Read textbook Chapters 1-5 (pages 1-66) and prepare a synopsis (summary) of the contents about 1 page long for each Chapter (Chapters 1thru5 all in one WORD Document) and submit it to the Instructor by midnight Sunday. Please prepare your assignment in a single spaced MS WORD Document Format and it doesn't have to be in APA Style. You can use charts/figures/visuals to enhance your Assignment.
Chapter 1: Structure in Architecture
Chapter 1 introduces the concept and purpose of structure and compares natural with human made structures. The historical development of structures from the earliest Greek edifices through gothic cathedrals to modern skyscrapers are discussed. Utilitarian as well as aesthetic considerations are presented with the aid of several photographs. The need for close cooperation between the architect and the structural engineer is emphasized.
Summary of ideas presented in the chapter:
Structure is the external or internal armature that gives physical objects form and resistance to external forces.
Structure may be human-made or natural.
Built structures frequently imitate nature. Cooperation between architects and engineers is essential for successful structures; they complement each other. Multiple engineering disciplines are needed in a building project.
Architecture evolved and changed with the development of building materials from stone and wood to steel, concrete, and composites.
The advent of computers has simplified the design of complicated and daring forms.
Chapter 2: Building Loads and Codes
The chapter discusses the loads structures must resist. The difference between dead and live loads is explained and typical weights of building materials are tabulated as are most frequent design loads for various structures. Permissible loads are dictated by international as well as local building codes. Safety factors, the ratios between permissible and actually applied loads are also part of the codes. The intensity of snow and wind loads over the United States are shown on maps. Their destructive effects are presented. Stresses and elongations produced by temperature changes and by support settlements are discussed together with techniques to reduce their effects. The differences between static or slowly applied loads and dynamic loads are explained. Dynamic loads, such as impacts, vibrations and earthquakes are described. Resonance and fundamental periods of motion are introduced. A seismic intensity map for earthquake intensities over the US is presented. Various structural damping systems for dynamic load mitigation are also shown.

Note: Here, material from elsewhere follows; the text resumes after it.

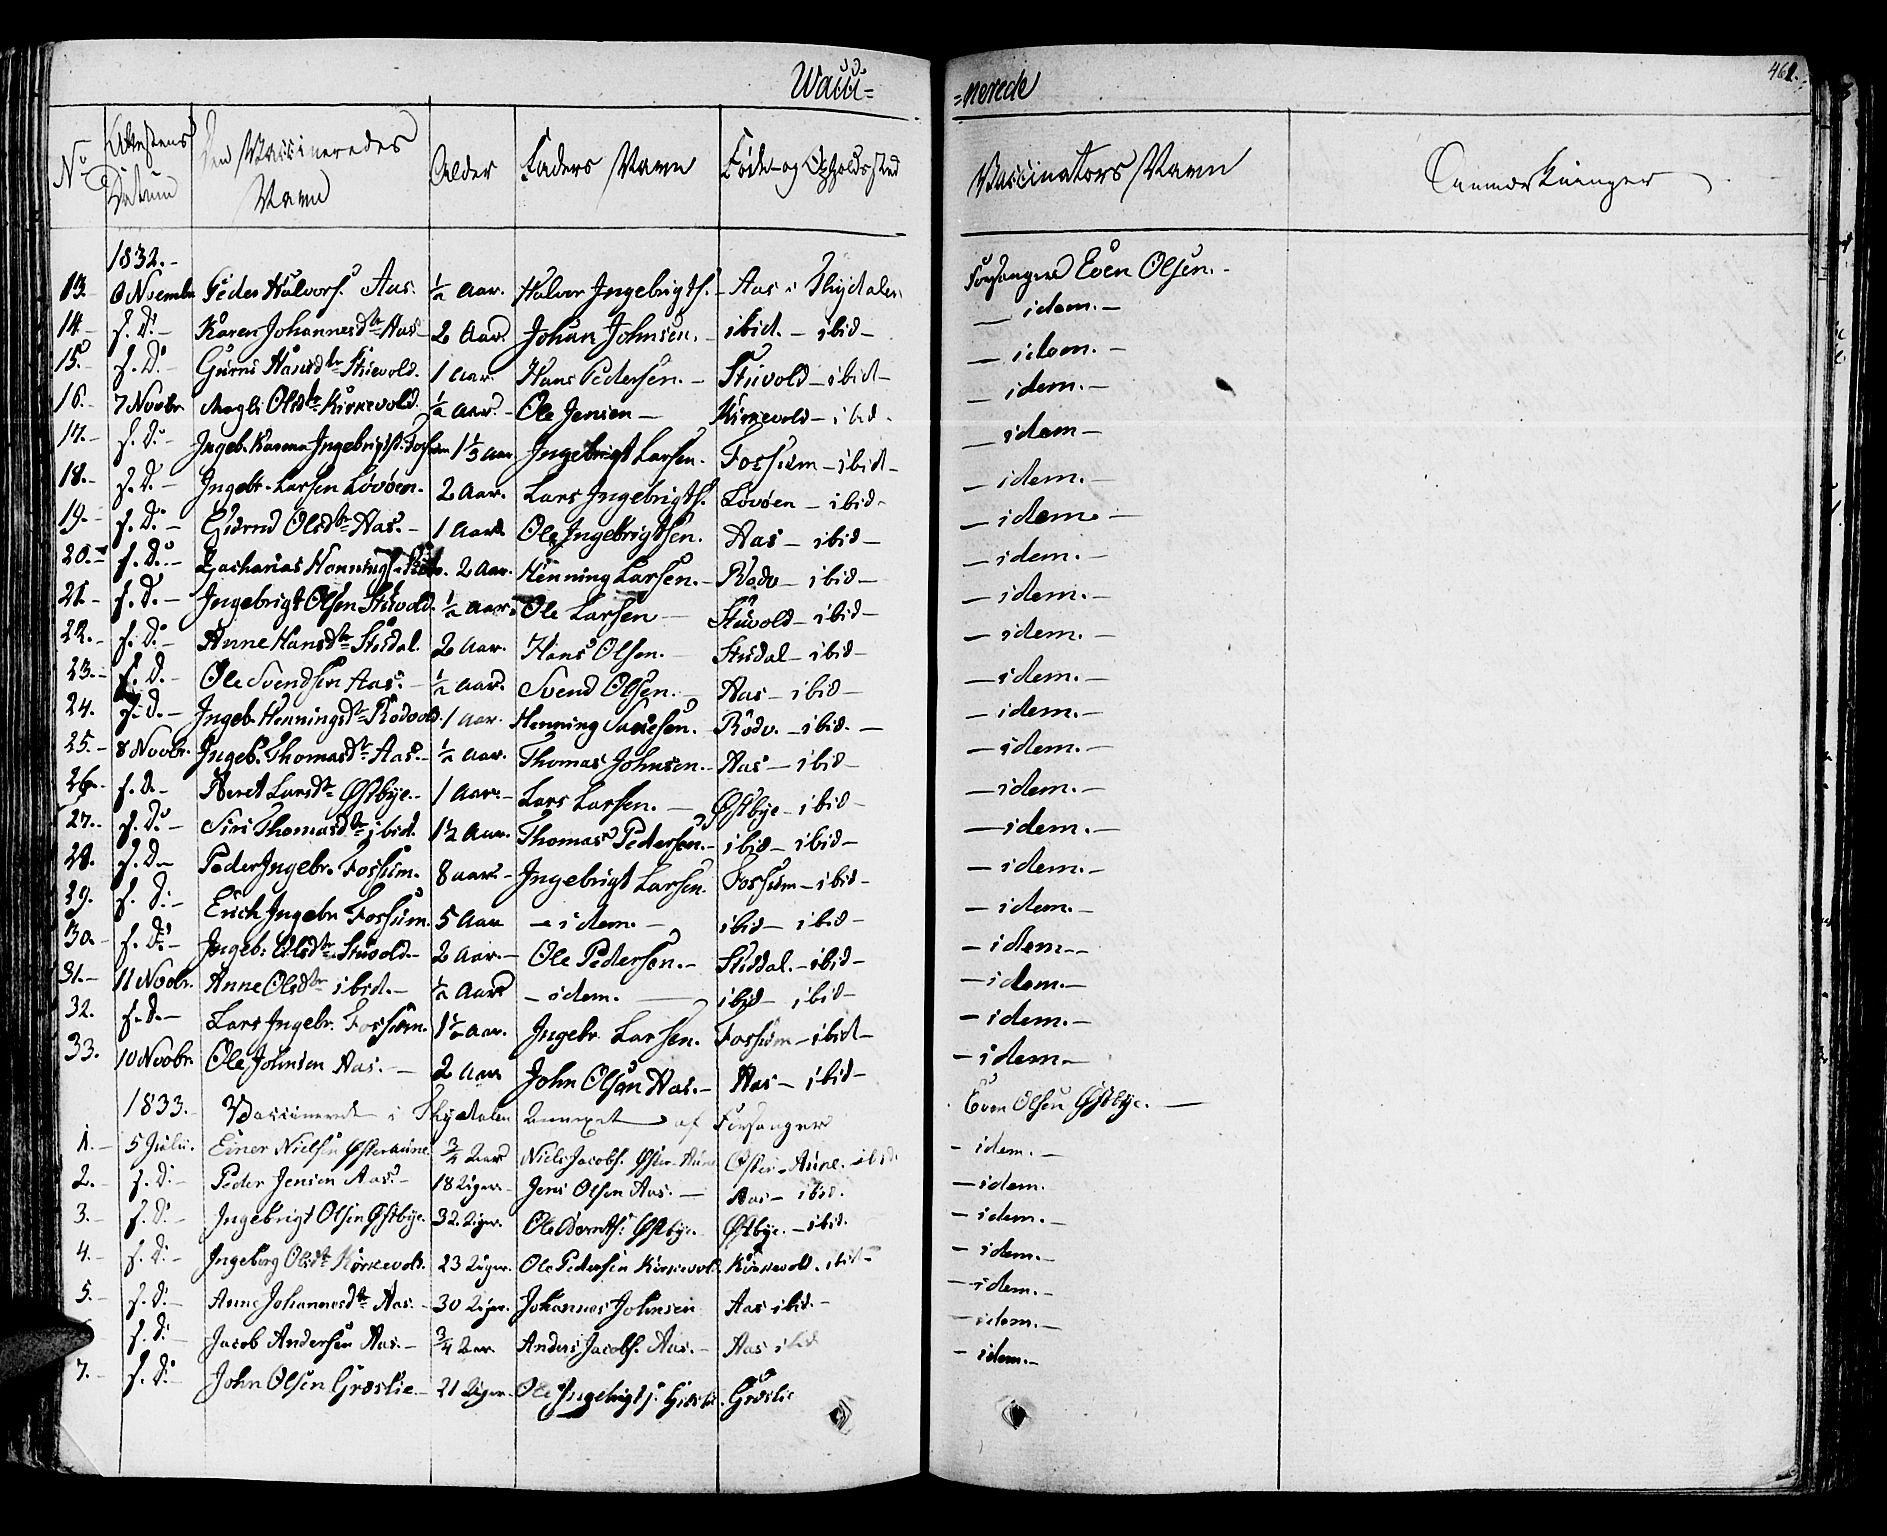 SAT, Ministerialprotokoller, klokkerbøker og fødselsregistre - Sør-Trøndelag, 695/L1143: Ministerialbok nr. 695A05 /1, 1824-1842, s. 461

Summary of Ideas Presented in Chapter 2:
Structure is the load-carrying part of physical objects.
Loads are categorized as applied and hidden loads.

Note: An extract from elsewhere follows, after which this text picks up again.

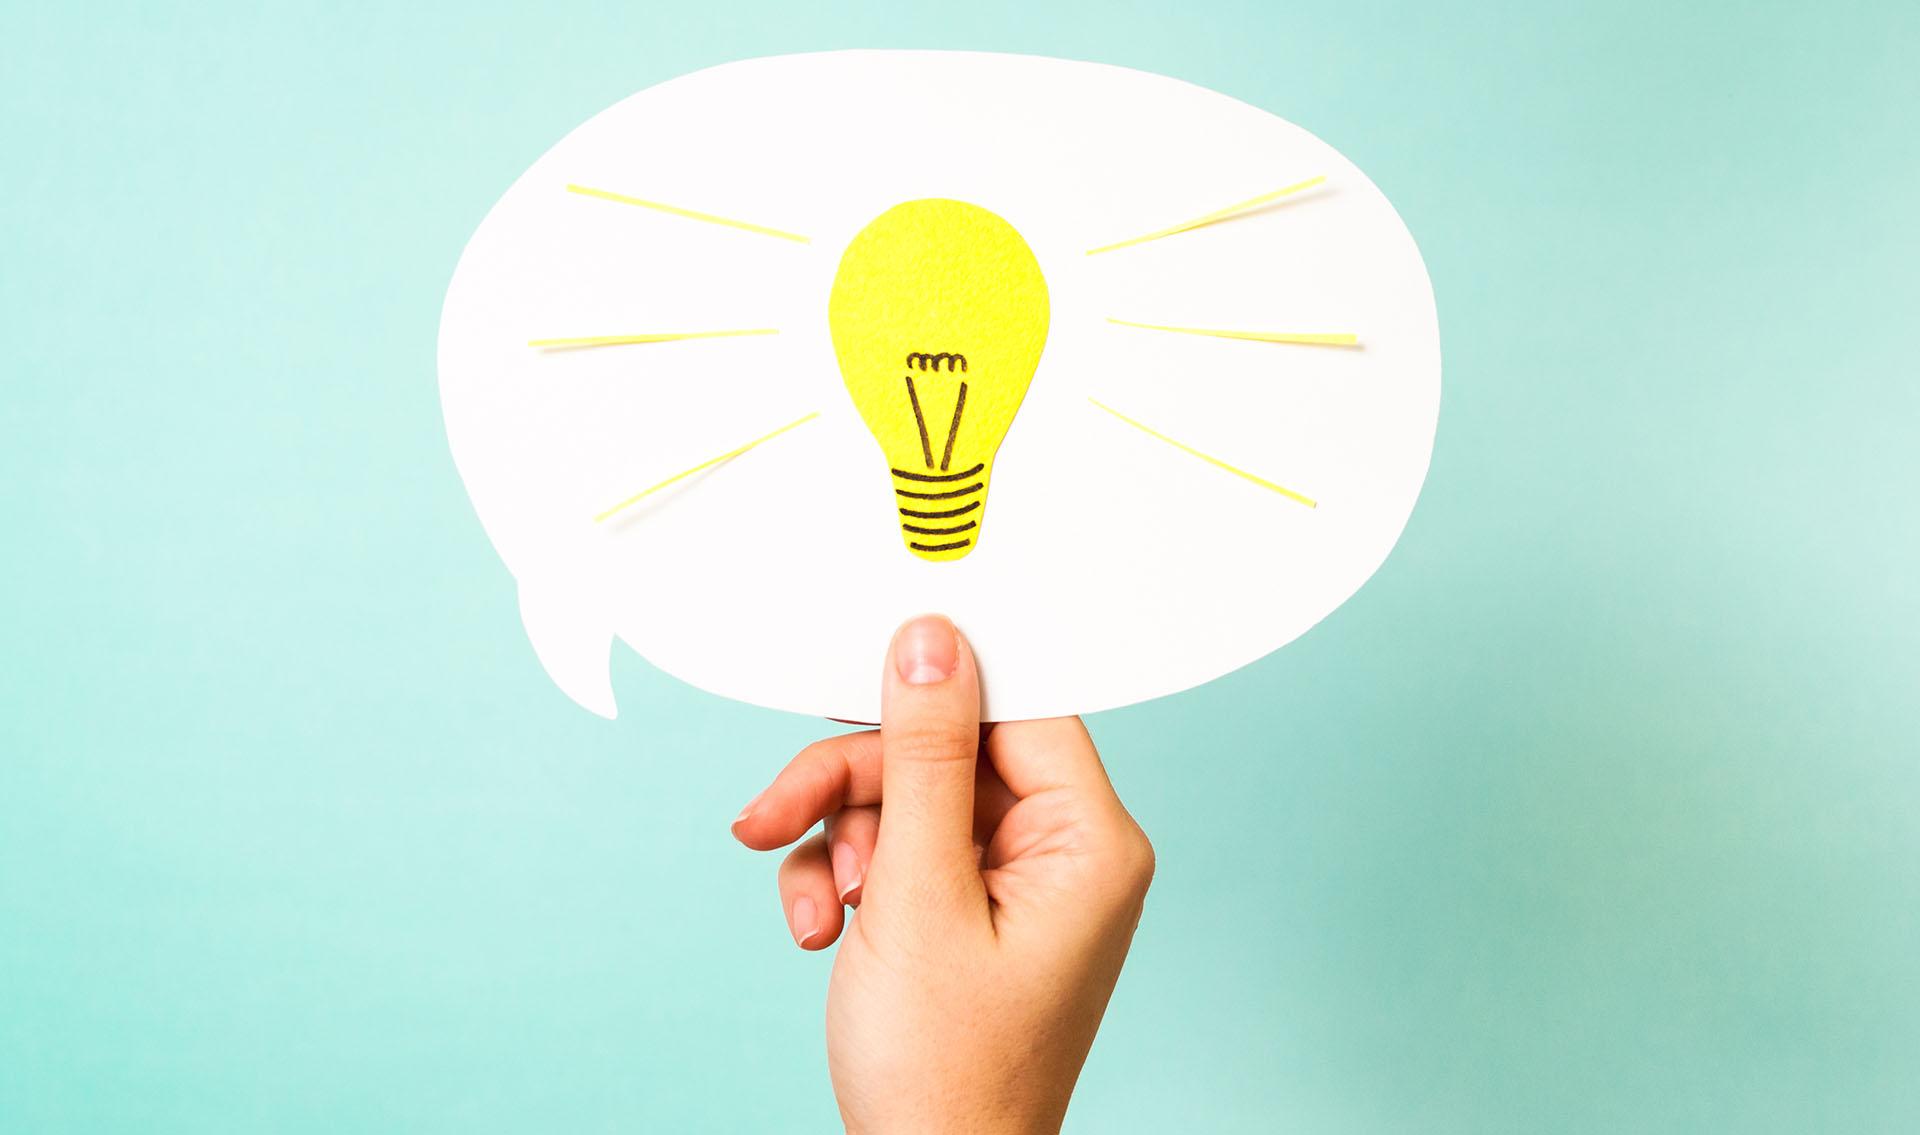 О чем вести блог: 32 идеи для начинающих

Applied loads are the ones the structure must support. These are as follows: Dead loads (the weights of building materials and of all permanent fixtures); live loads (occupancy loads and movable fixtures); wind, snow, and earthquake loads; as well as others, such as dynamic loads produced by machinery.
Hidden loads are produced by thermal environments and support settlements.
Building codes dictate the design values for each load category depending on the purpose of the building. The codes may also prescribe heights, and type of construction depending on locality.
Chapter 3: Structural Materials
Chapter 3 introduces the most frequently used materials of construction. The significant properties of wood, steel, aluminum, concrete, glass and plastics are described. Elasticity, plasticity and viscoelasticity, brittleness and strength of these materials are examined and compared. Mechanical constants, such as the Modulus of Elasticity, Yield strength and Ultimate strength are defined. The concept of stress (pressure) and strain are introduced, load-deformation and stress-strain diagrams are presented. Property changes as functions of temperature are discussed. The three basic stresses: tensile, compressive and shear are defined and the deformations produced by them are shown with the aid of figures and photographs. The materials most suitable to carry each of these stresses are discussed together with combinations of materials such as steel-reinforced concrete, fiber-reinforced glass and plastics and laminated wood.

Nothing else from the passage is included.